Work task: Would it be possible to output exactly, and only, the lines below from the one holding "Participación Social Y" to the last line, both included, with every picture left out?

Available data:
================================
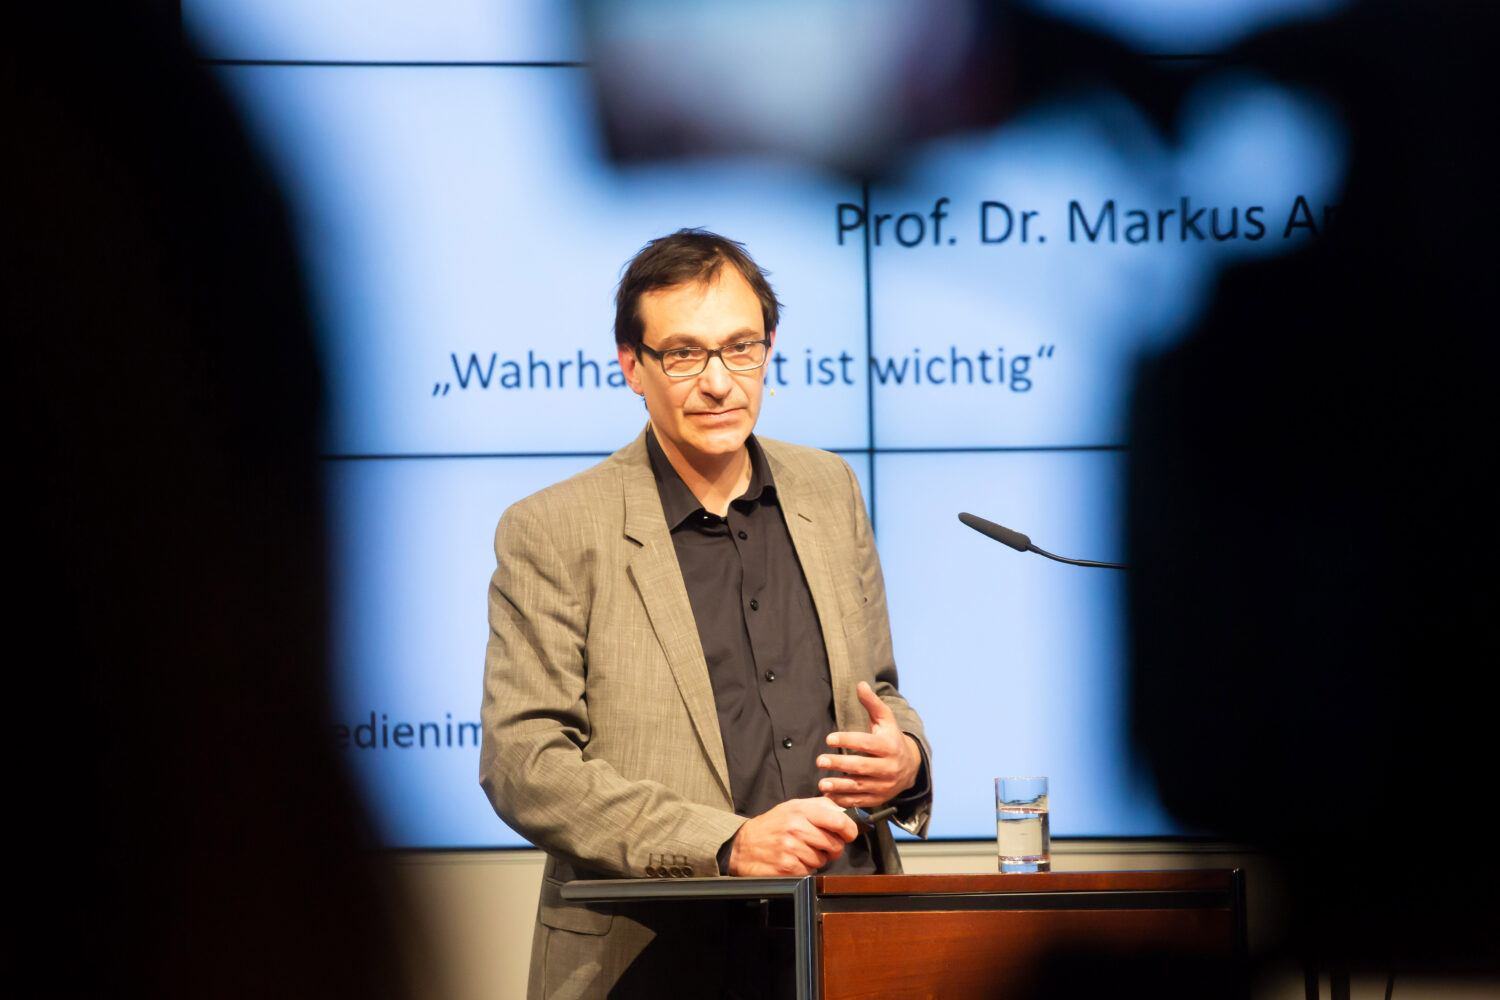 Prof. Dr. Markus Appel während seiner Vortrags am Rednerpult
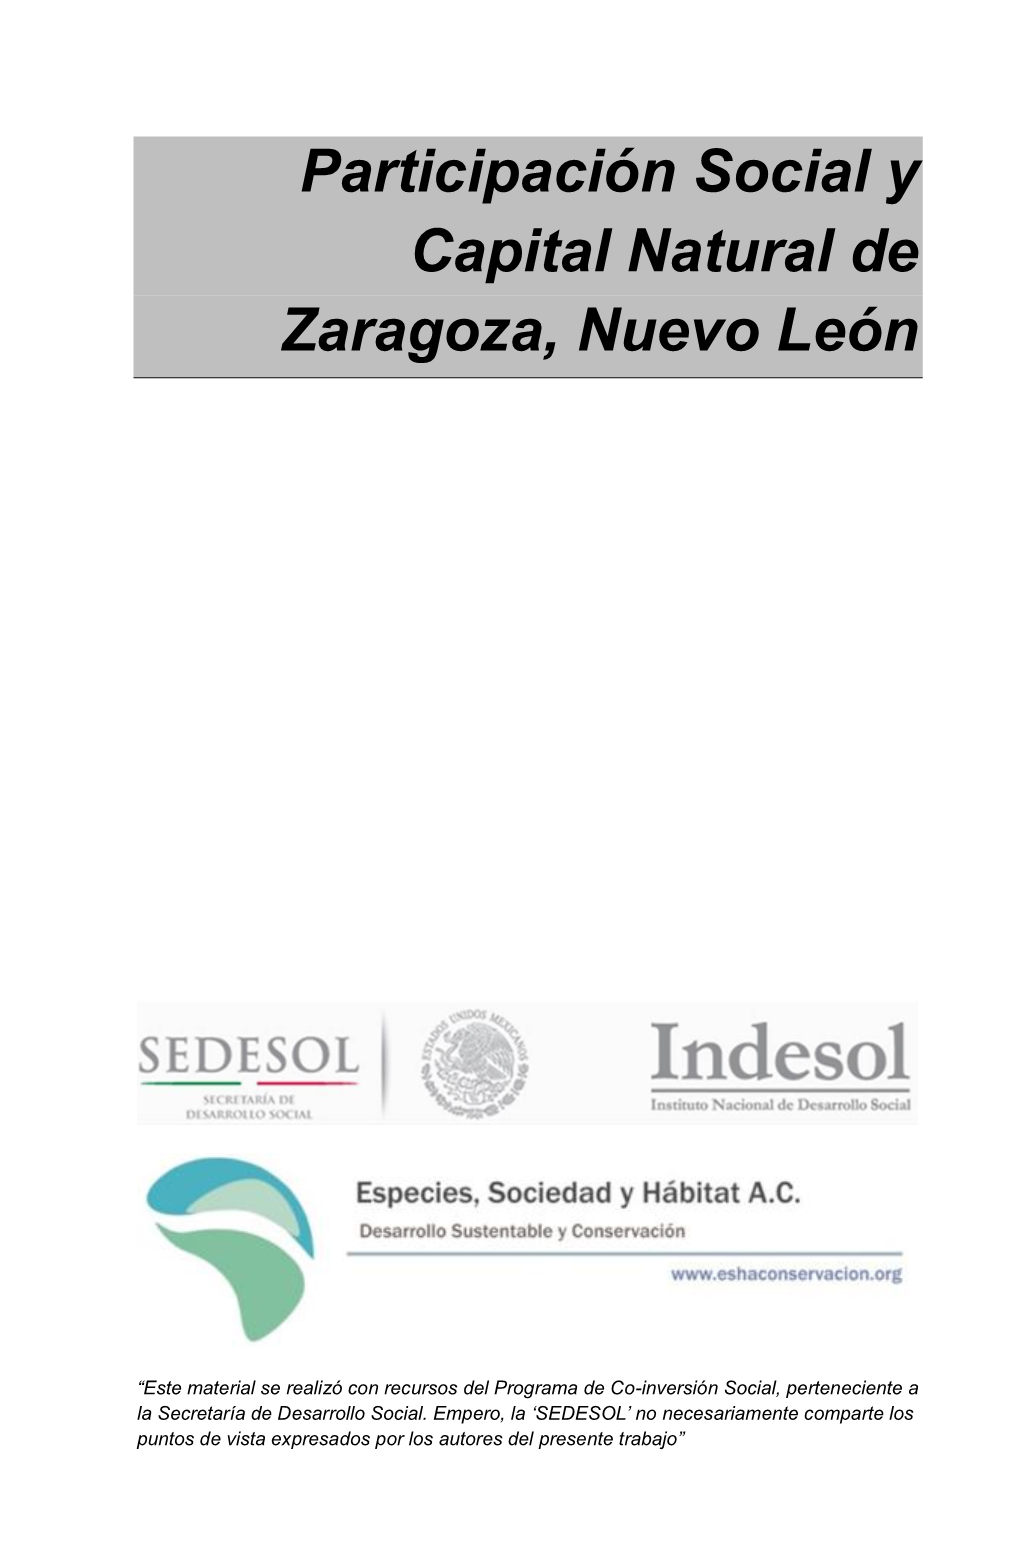 Participación Social Y Capital Natural De Zaragoza, Nuevo León
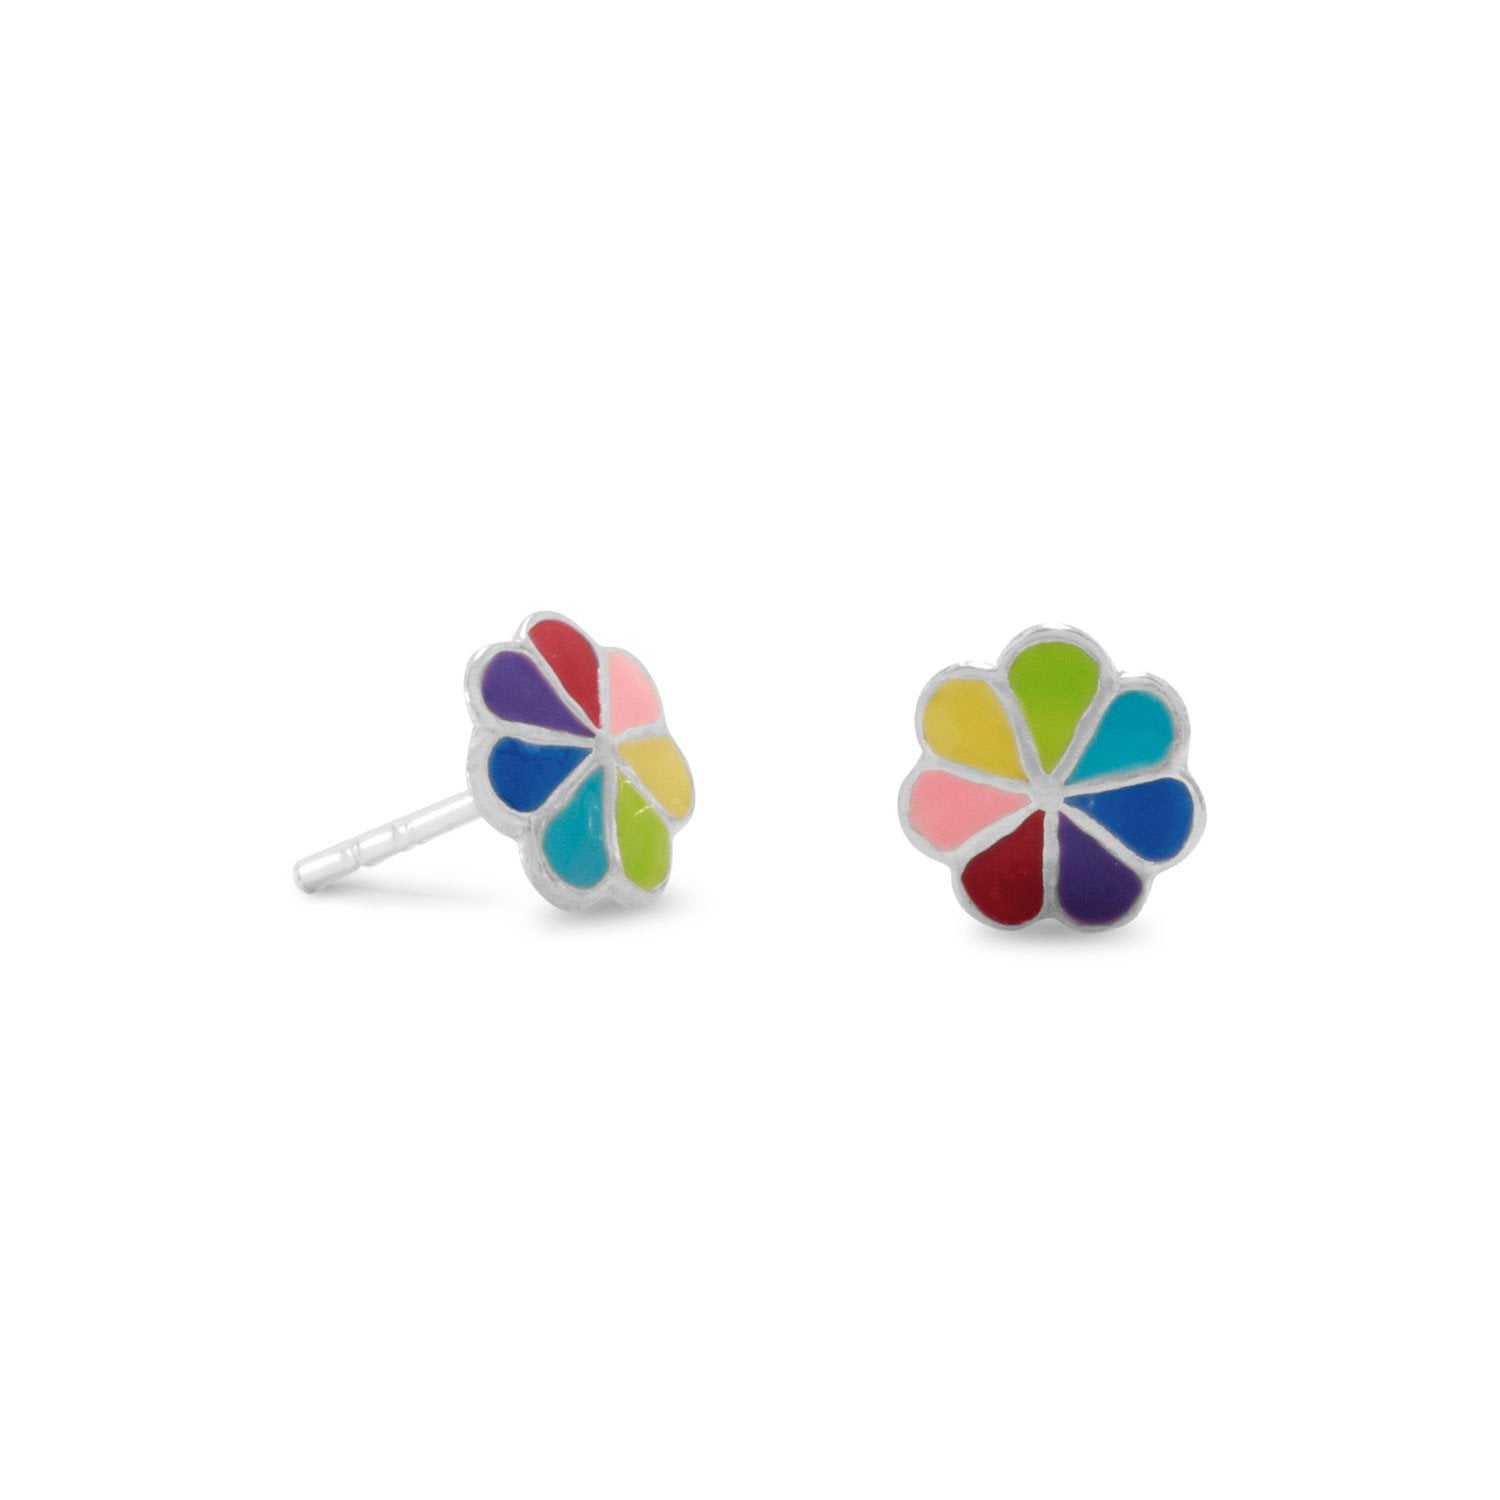 Multicolor Enamel Flower Post Earrings
================================
Result of this task:
 Participación Social Y Capital Natural De Zaragoza, Nuevo León
 Multicolor Enamel Flower Post Earrings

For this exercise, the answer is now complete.